LA TIENDA DE EXVOTOS - Capítulo 16
CAPÍTULO 16 – Los preparativos
No pasaron ni dos días desde que le dije a
la señora Constanza que tal vez me aprovecharía de sus dos hijos para hacer
recados cuando se presentaron los dos, diligentes y serviciales, en la puerta
de mi negocio una mañana. Allí estaban, tras los cristales de la entrada con
las manos enlazadas a la espalda y una sonrisa llena de complacencia. Cuando
les dejé pasar adentro, George fue el primero en exclamar, agradecido.
—¡Muchas gracias, señorita! ¡Gracias por
darnos trabajo! ¡Siempre he querido trabajar en un taller! No sabe la ilusión
que me hace su oferta…
—¡George! –Le reprendía su hermana, que
tiraba de él para que retrocediese. Estaba algo avergonzada por la expresión de
su hermano—. Mamá no nos ha dicho eso…
—Me dejará trabajar en el taller con
usted, ¿verdad?
—Alto, alto ahí, muchacho. –Le dije,
frunciendo el ceño con una mueca de extrañeza—. ¿Qué es eso de trabajar en el
taller? ¿Acaso tu madre ha malinterpretado mi ofrecimiento?

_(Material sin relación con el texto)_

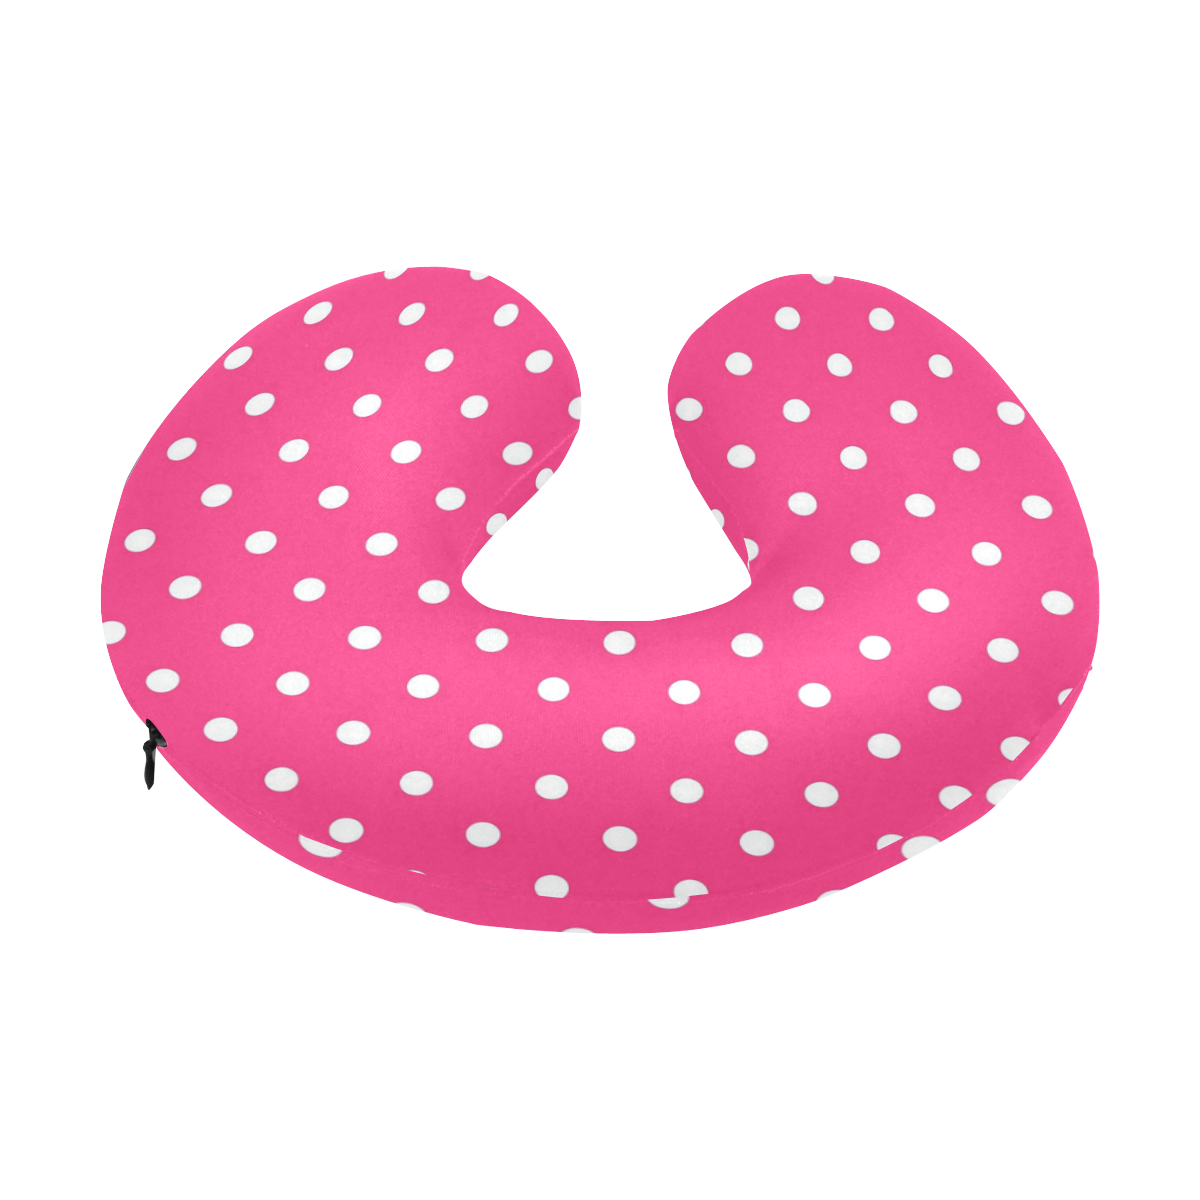 Hot Pink White Dots U-Shape Travel Pillow
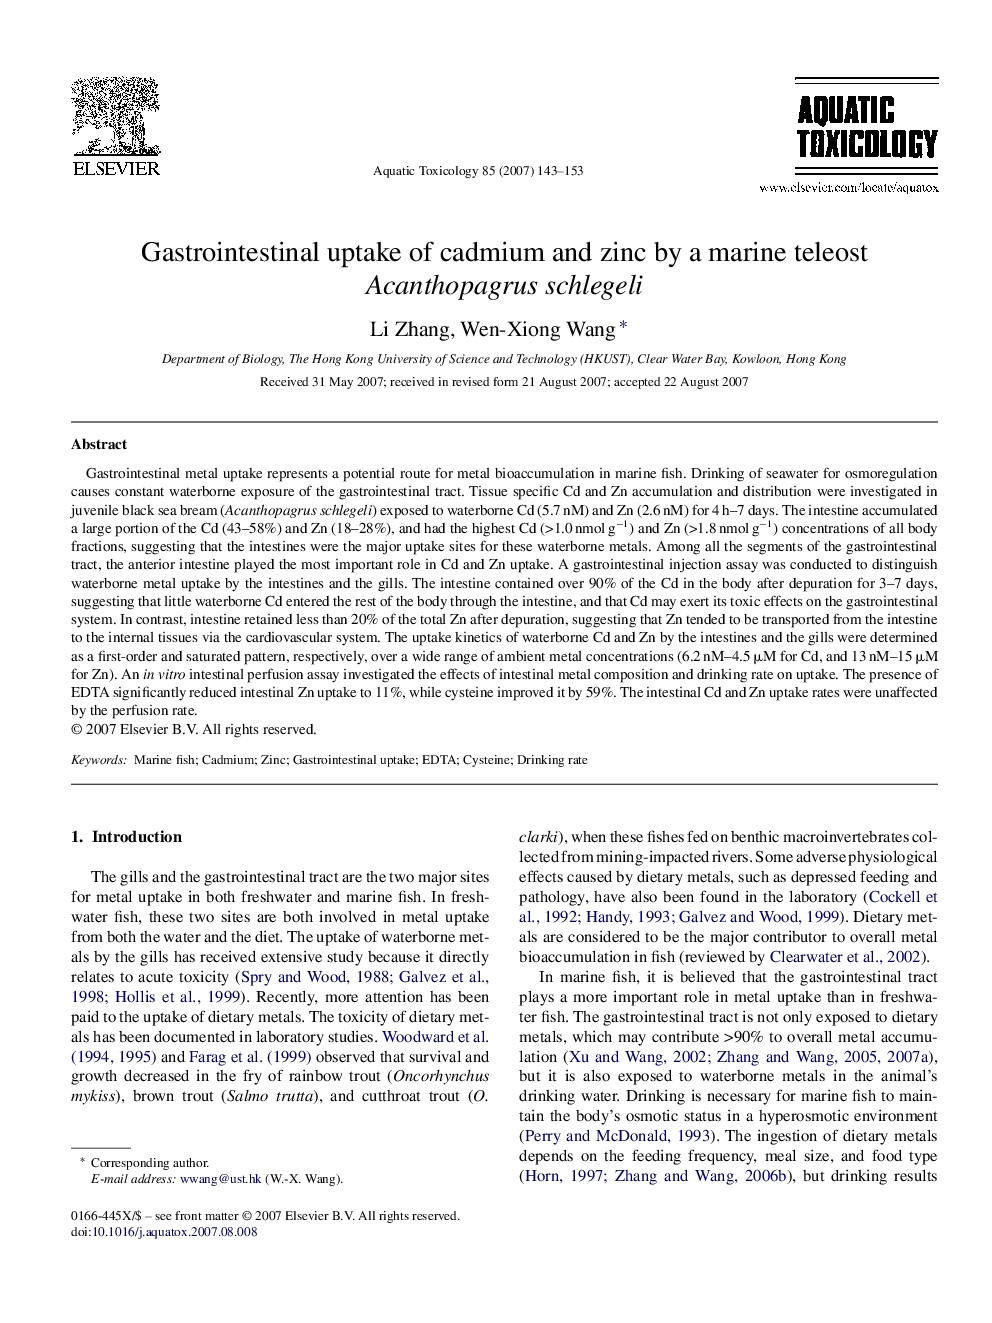 Gastrointestinal uptake of cadmium and zinc by a marine teleost Acanthopagrus schlegeli

—No, señorita, no ha sido nuestra madre
quien lo ha malinterpretado. –Se excusó Marianita—. Sino mi hermano. ¡Se ha
hecho ilusiones! Como castillos en el aire…
Yo suspiré ante aquel obstinado capricho.
Me pasé el dorso de la mano por los ojos y me encogí de hombros.
—Lo siento mucho. No nos vendría mal un
ayudante en el taller, por lo menos alguien que se encargase del almacenaje y
la limpieza, pero no tenemos…
—¡Eso es lo que hago en el taller de mi
tio! También podré hacerlo aquí.
—Déjame terminar, muchacho. No tenemos
dinero suficiente para mantener esa clase de empleo. Puedo daros algunas
monedas porque me vayáis a hacer la compra al mercado, tal vez la limpieza de
las habitaciones o la comida. Incluso cuando tenga que entregar pedidos o ir a
recogerlos, también os puedo pedir ayuda. Pero tan solo eso. Y no lo hago por
caridad hacia vosotros, sino porque no tengo tiempo a lo largo del día para
dedicárselo a todo. –A pesar de mis palabras, George no parecía decepcionado—.
¿Tan terrible es trabajar con tu tío?
—Es con mi padre, con quien no soporto
trabajar. Se cree que el negocio es suyo, el muy…
—No hables mal de nuestro padre. –Murmuró
Marianita, dándose la vuelta rápidamente para otear la puerta del negocio.
—Se cree que con estar allí una hora al
día cuadrando las cuentas del negocio es trabajar. El resto del día se lo pasa
en la taberna. Y yo tengo que hacer todo lo demás. Limpieza, orden del almacén,
y los recados que tengo que llevar de un lado a otro. Si fuera para usted,
sería el mejor trabajo del mundo…
—De momento no disponemos del dinero
suficiente. Pero no descarto esa posibilidad. Sé que eres un chico trabajador.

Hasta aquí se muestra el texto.